When I was a young child (Around 5 or so) I was introduced to The Terminator and absolutely loved it.

So what do you guys think of his movies?


----------



## C Of K (Jul 22, 2009)

lol. _Commando_ has its own charm. It seems ridiculous if you try to take it seriously. _Terminator_ was great, as was _Predator_. Then you have _Raw Deal_, and that movie that he plays a Russian in, with James Belushi... Then there's _Hercules in New York_ and _Twins_. (Yuck) _True Lies_ was good, and _Total Recall_ was great. I liked _Eraser_ as well. 

I like most of the above movies mentioned, but not all of course.


----------



## Rodders (Jul 22, 2009)

Schwarzenegger's films were great in the day. It's nice that he has such a great SF pedigree. As well as the Terminator movies, Predator, Total Recall and Running man were all pretty good in their day.


----------



## C Of K (Jul 22, 2009)

Ah! I forgot about _The Running Man_!

Maria Conchita Alonso was so cute in that.


----------



## AE35Unit (Jul 22, 2009)

Also good in Twins,tho Devito stole the show in that one,Arnie did have his comic moments.


----------



## nj1 (Jul 22, 2009)

NOBODY'S MENTIONED - CONAN THE BARBARIAN!!!

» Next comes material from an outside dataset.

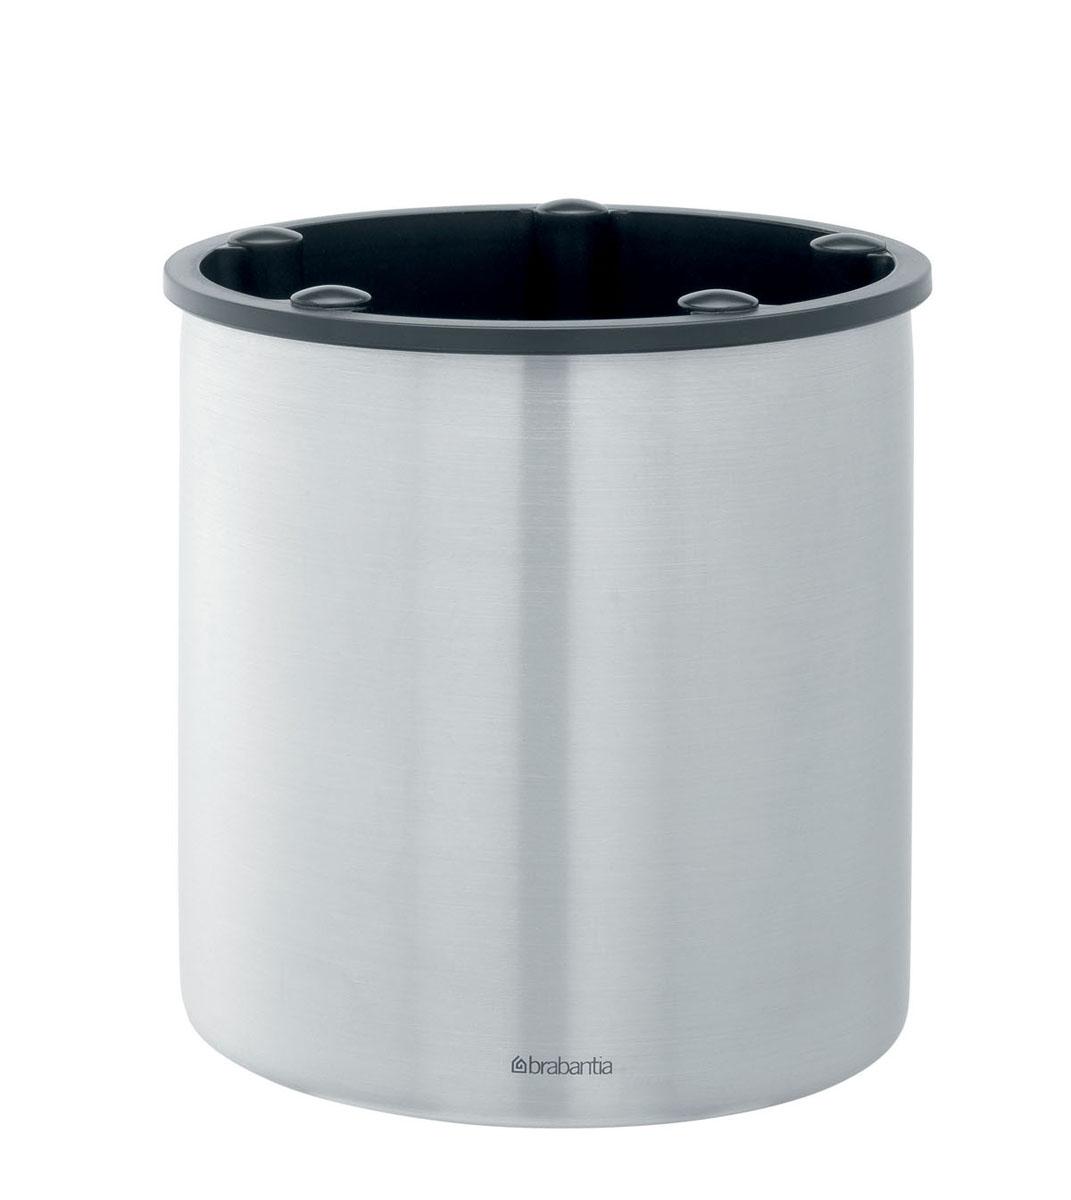 Подставка для кухонных принадлежностей Brabantia, высота 15 см313066Подставка для кухонных принадлежностей Brabantia изготовлена из высококачественной нержавеющей стали с матовой полировкой. Внутренняя поверхность пластиковая. Подставка оснащена 5 выемками для отделения приборов друг от друга. В такой подставке можно хранить все столовые приборы, а также кухонные принадлежности, такие как лопатки и половники. Подставка имеет стильный классический дизайн и одинаково хорошо впишется и в современный, и в классический интерьер. Можно мыть в посудомоечной машине. Диаметр подставки (по верхнему краю): 15 см. Высота подставки: 15 см.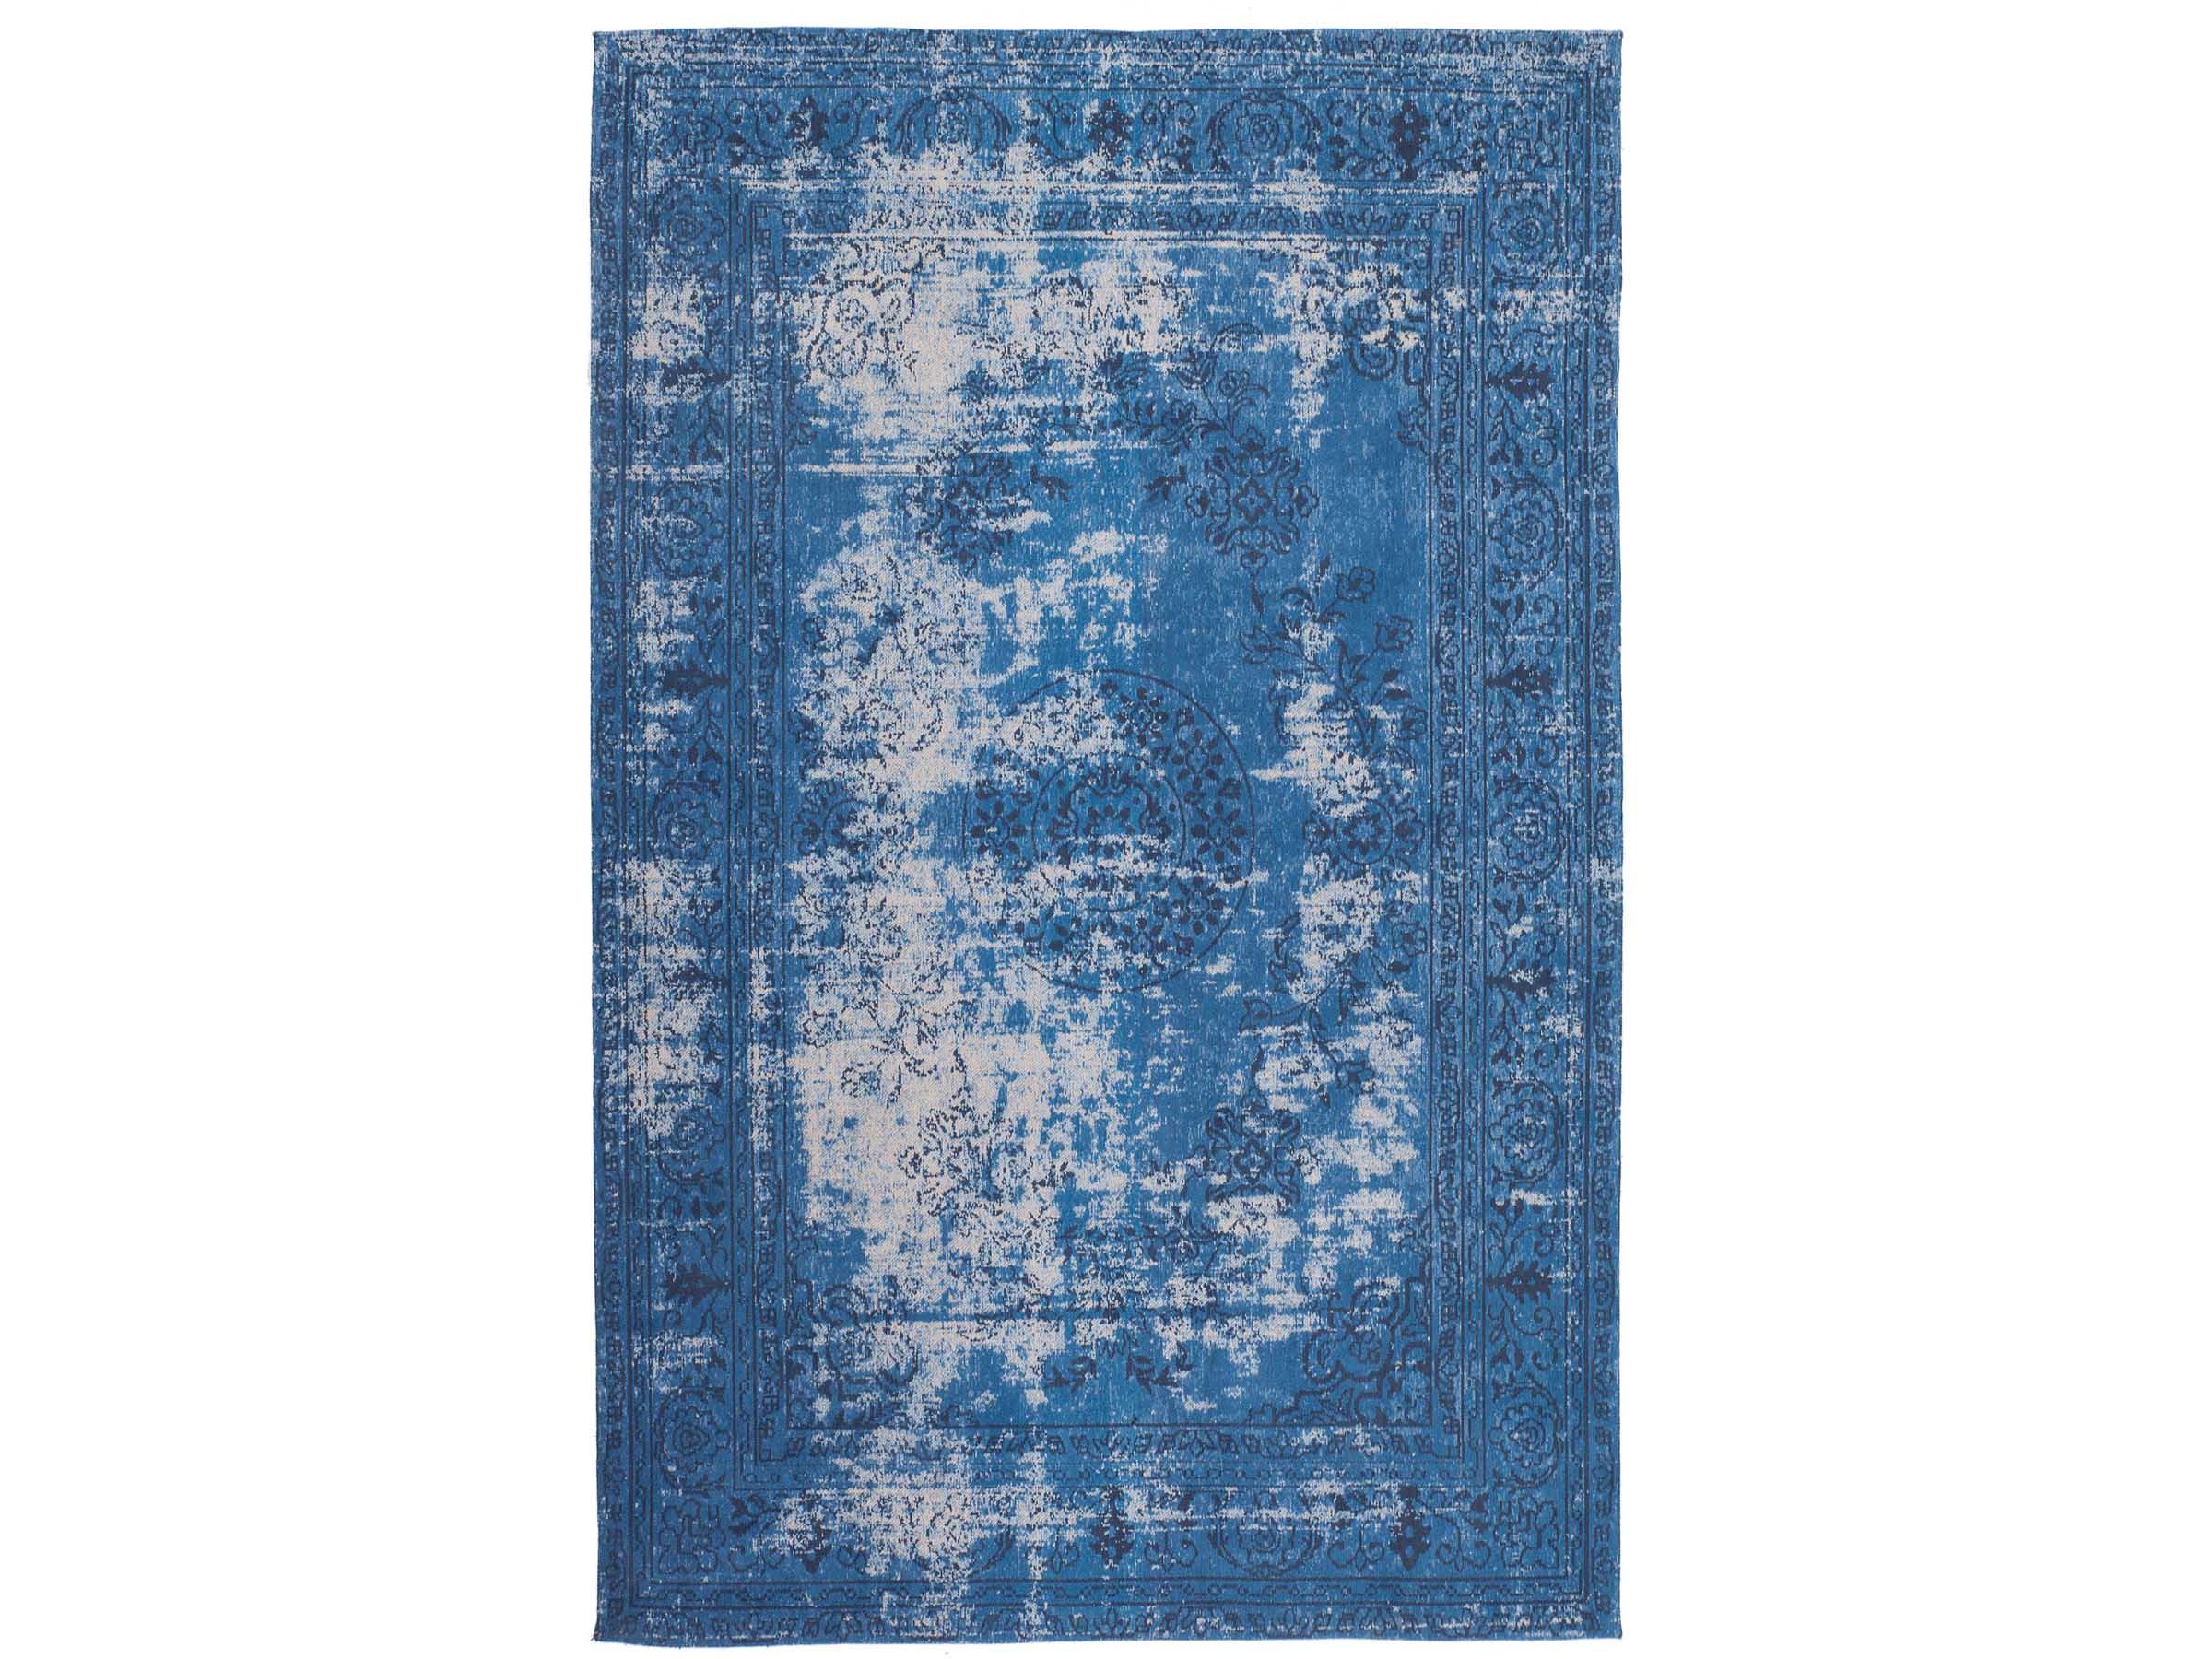 Tapijt Petrol Blauw : Oud blauw hoog polig tapijt ecosia

Love that film, one of my fav fantasy movies ever
Infact i like most of his earlier films, especially the ones where he didn't say much


----------



## Connavar (Jul 22, 2009)

Conan films are one of the few things I truly hate.   As a kid i thought they were lame and then reading REH and Conan stories they are disgusting adaptations.

I like Arnold in Terminator I,Terminator II,Predator,True Lies


----------



## AE35Unit (Jul 22, 2009)

Yea that Conan film was pretty naff,best not taken too seriously! Would be good to see a decent conan film tho.


----------